Supplied material
════════
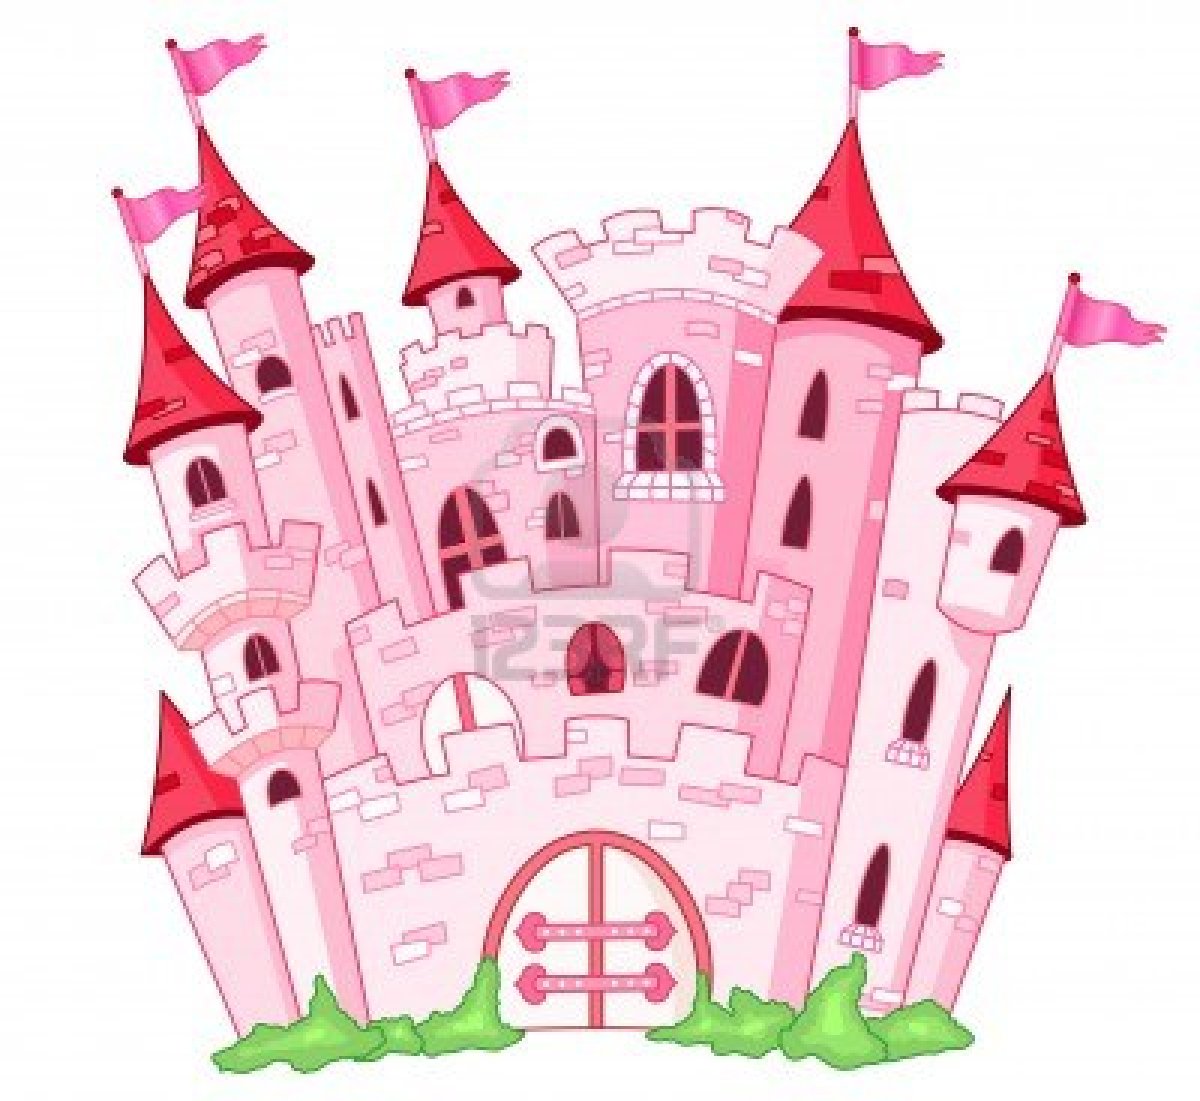 Pink castle clipart - ClipartFox
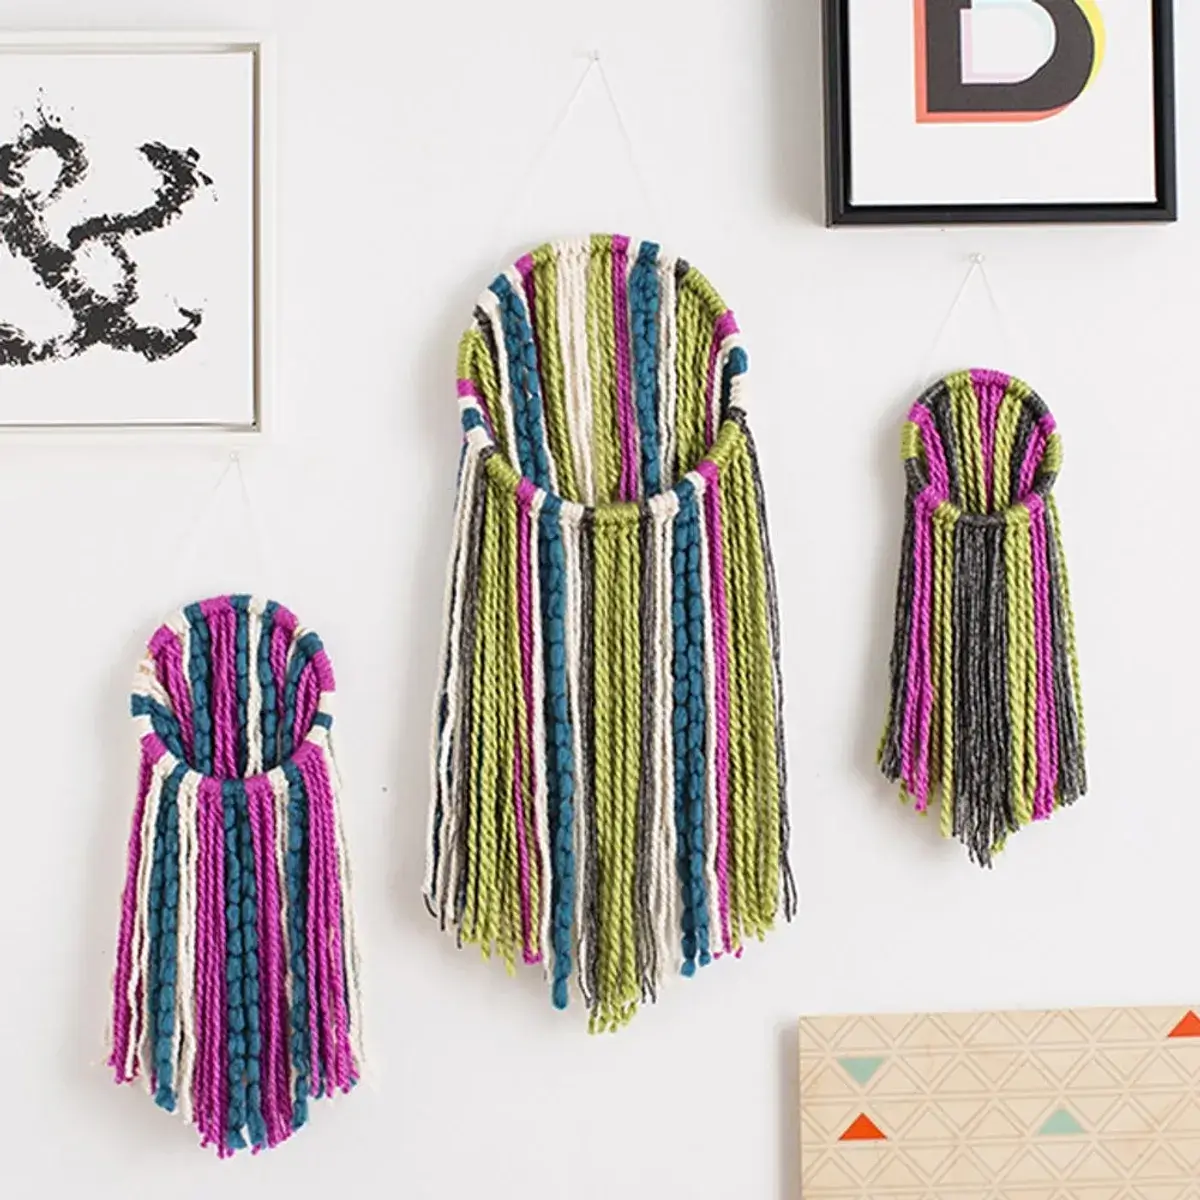 Modern Yarn Wall Hanging Craft Idea
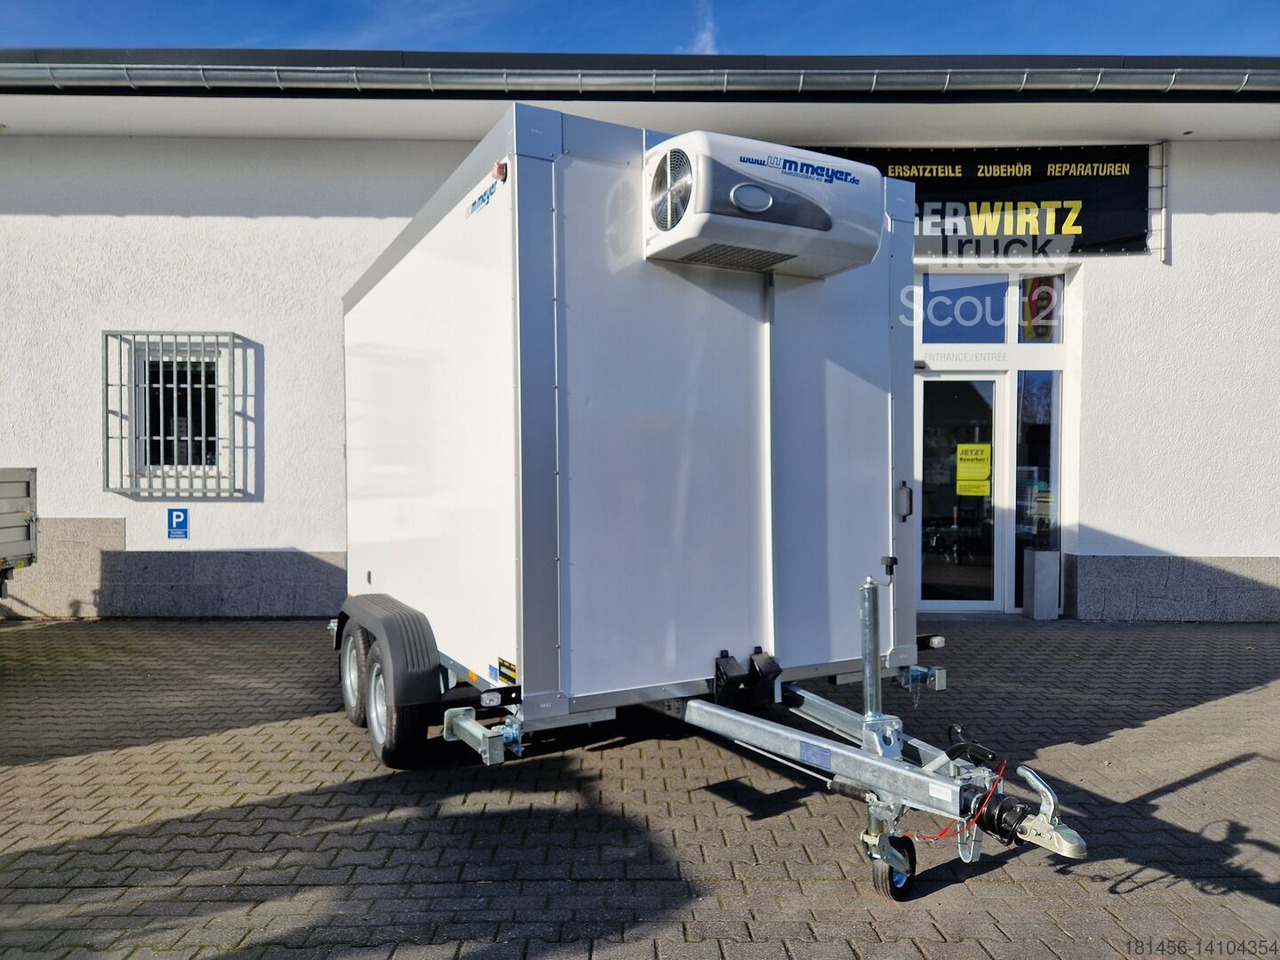 Wm Meyer Tiefkühlanhänger direkt verfügbar AZK 2734/180 336x170x200cm 100 isolierung Govi 230V Kühlung - Refrigerator trailer: picture 2
════════
All of the data must be repeated exactly, except for the pictures.

 Pink castle clipart - ClipartFox
 Modern Yarn Wall Hanging Craft Idea
 Wm Meyer Tiefkühlanhänger direkt verfügbar AZK 2734/180 336x170x200cm 100 isolierung Govi 230V Kühlung - Refrigerator trailer: picture 2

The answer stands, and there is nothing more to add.